ENHANCEMENT idea - refactor so can be used as a library as well as command line
clach04 opened this issue · comments
clach04 commented
I.e. so import txt2pdf
is an option.
clach04 commented
I'm doing this today (well for the last year or so?) with code like the below:
try:
#raise ImportError
from io import BytesIO as FakeFile # py3
except ImportError:
try:
from cStringIO import StringIO as FakeFile # NOTE only use when not using .write() method - does not support Unicode
except ImportError:
from StringIO import StringIO as FakeFile
import txt2pdf # from https://github.com/baruchel/txt2pdf - NOTE requires https://github.com/baruchel/txt2pdf/pull/25
from txt2pdf import parser, Margins, PDFCreator
....
args = txt2pdf.parser.parse_args([
source_file_name, '--encoding=' + source_encoding,
'--output=' + intermediate_pdf_file_name,
'--media=letter', # default 2cm margins
'--author=Actian', # NOTE this ends up in intermediate pdf file, later stage can/will change this
'--quiet',
'--tab-size=4',
#'--font=\\Downloads\\courier-prime-code\\ttf\\CourierPrimeCode-FF.ttf', #
#'--font=\\Downloads\\courier-prime-code\\ttf\\CourierPrimeCode-symbol-Form-Feed.ttf', #
#'--break-on-blanks', # THIS DOES NOT WORK - proven with EA 2.1 code - I'm not convinced NOT using this works properly, looks like the logic for page-break support and --minimum-page-length is mixed up (and I don't think it works correctly)
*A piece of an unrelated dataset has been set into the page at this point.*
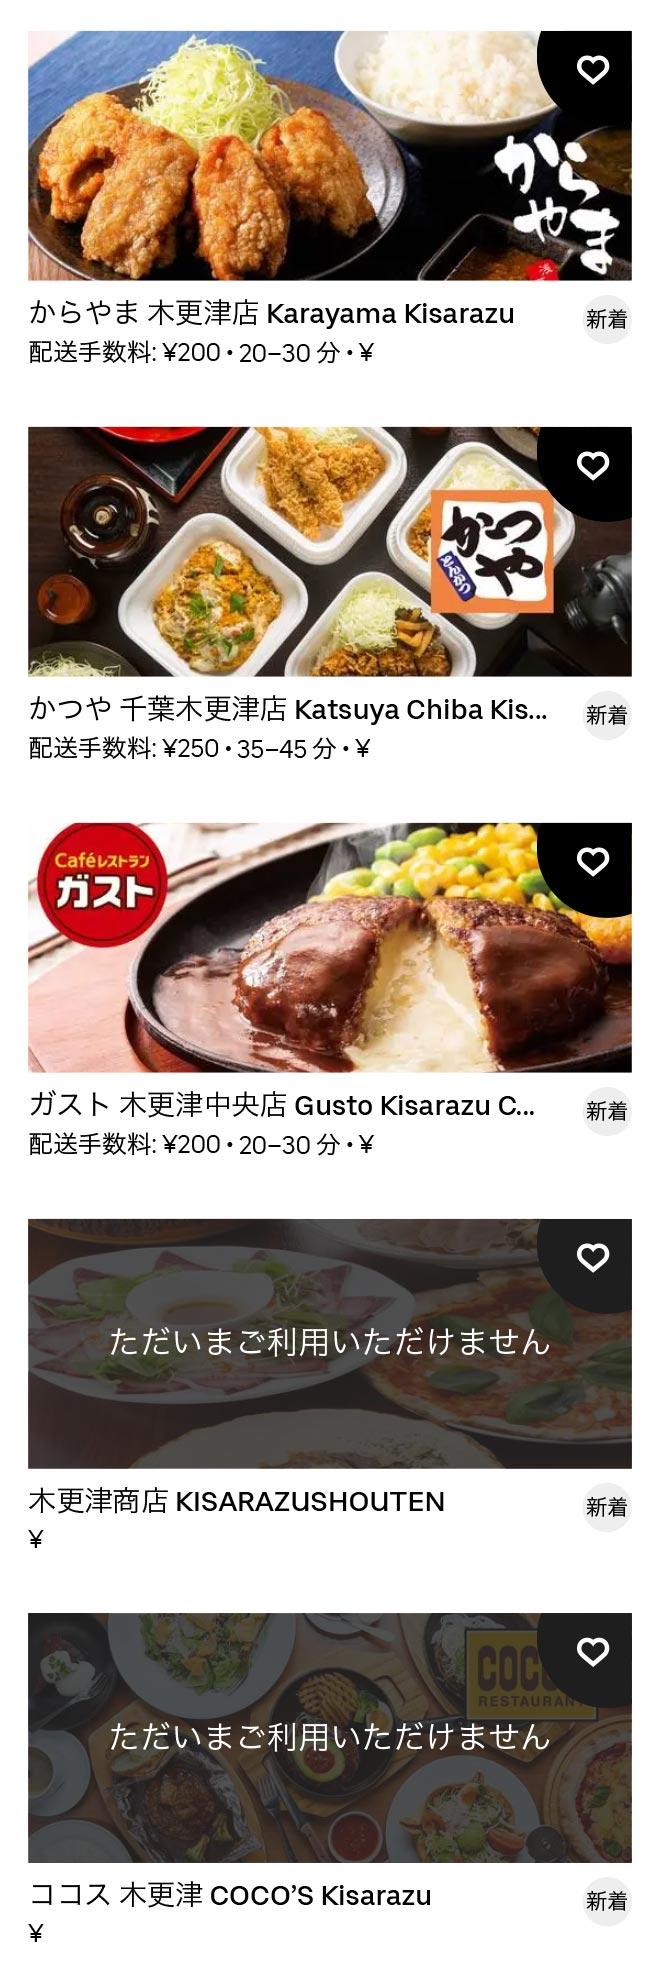 Kisarazu menu 2011 4

#break blanks also not working. TODO prefix input text file with line numbers and visually inspeact with both options
#setting breakonly emmits 17 pages!?
#'--break-on-blanks', # do not force a page break on form-feed character ## DEBUG getting 17 pages not 2976 for EA 2.1 code!?
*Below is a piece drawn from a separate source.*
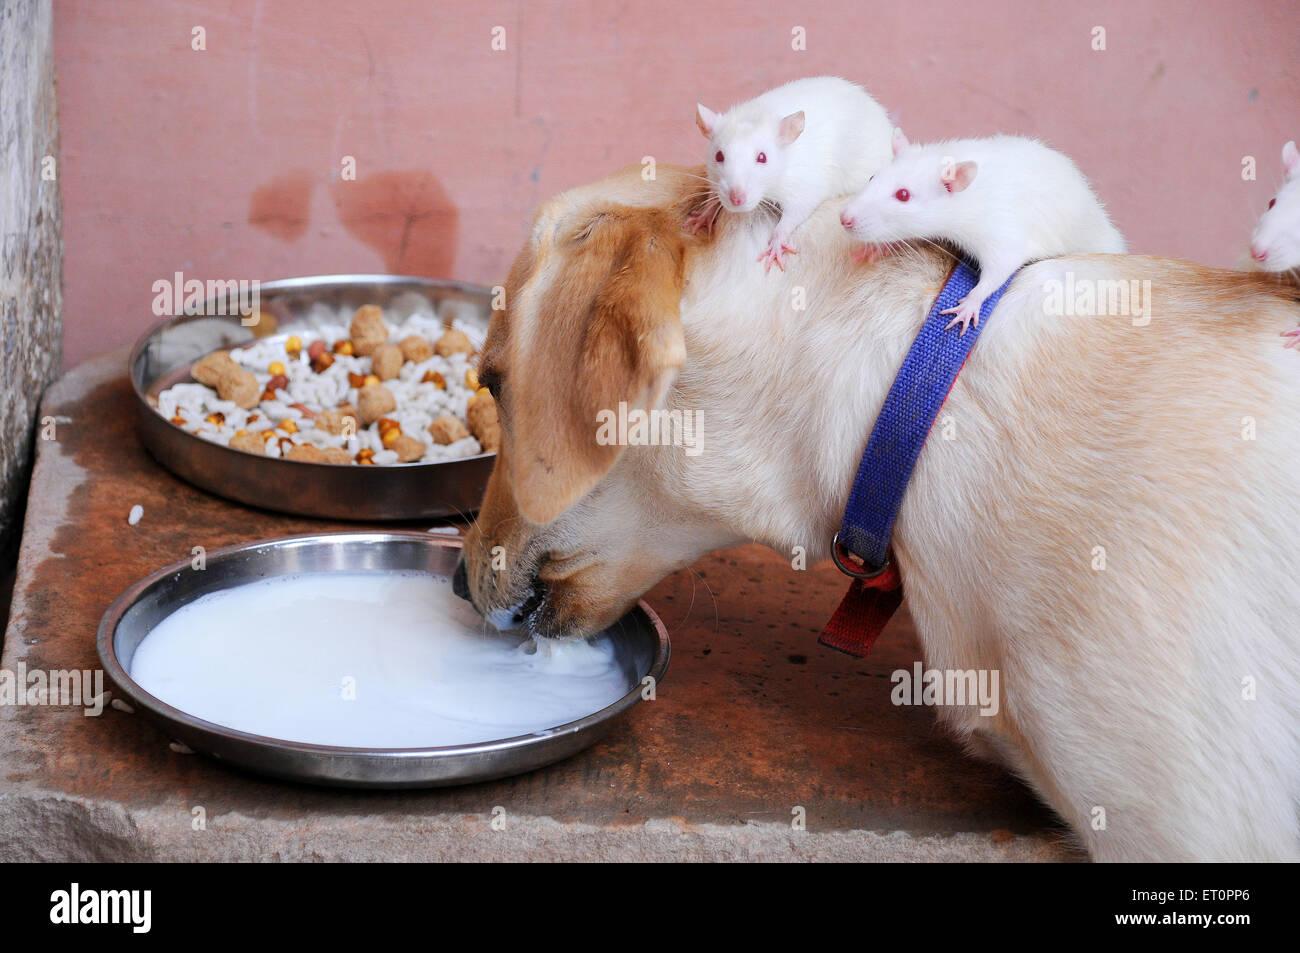 Hund und weißen Ratten trinken Milch wie Freunde, Jodhpur, Rajasthan, Indien Stockbild

# '--minimum-page-length' defaults to 10
#u'--tab-replacement=\N{RIGHT-POINTING DOUBLE ANGLE QUOTATION MARK}', # DEBUG
#u'--tab-replacement=\N{RIGHTWARDS ARROW}', # DEBUG # requires https://github.com/baruchel/txt2pdf/pull/27
])
# TODO title
if intermediate_pdf_file_name == ':memory:':
# special case, don't write to filesystem
pdf_file_object = FakeFile()
args.output = pdf_file_object
print('Reading plain text file %s, using encoding %s' % (source_file_name, source_encoding))
print('Generating PDF of all pages, %s' % intermediate_pdf_file_name)
pdf_creator = PDFCreator(args, Margins(
args.margin_right,
args.margin_left,
args.margin_top,
args.margin_bottom))
# hard coded character replacement, could instead use command line flags and a filename
# NOTE requires https://github.com/baruchel/txt2pdf/pull/29
pdf_creator.character_replacement = {
"12": "" # form-feed/0x0c/\f replaced with empty string (i.e. remove form-feeds)
}
try:
pdf_creator.generate()
except ......
I cheat slightly and make use of the argument parsing in txt2pdf already to feed that into PDFCreator().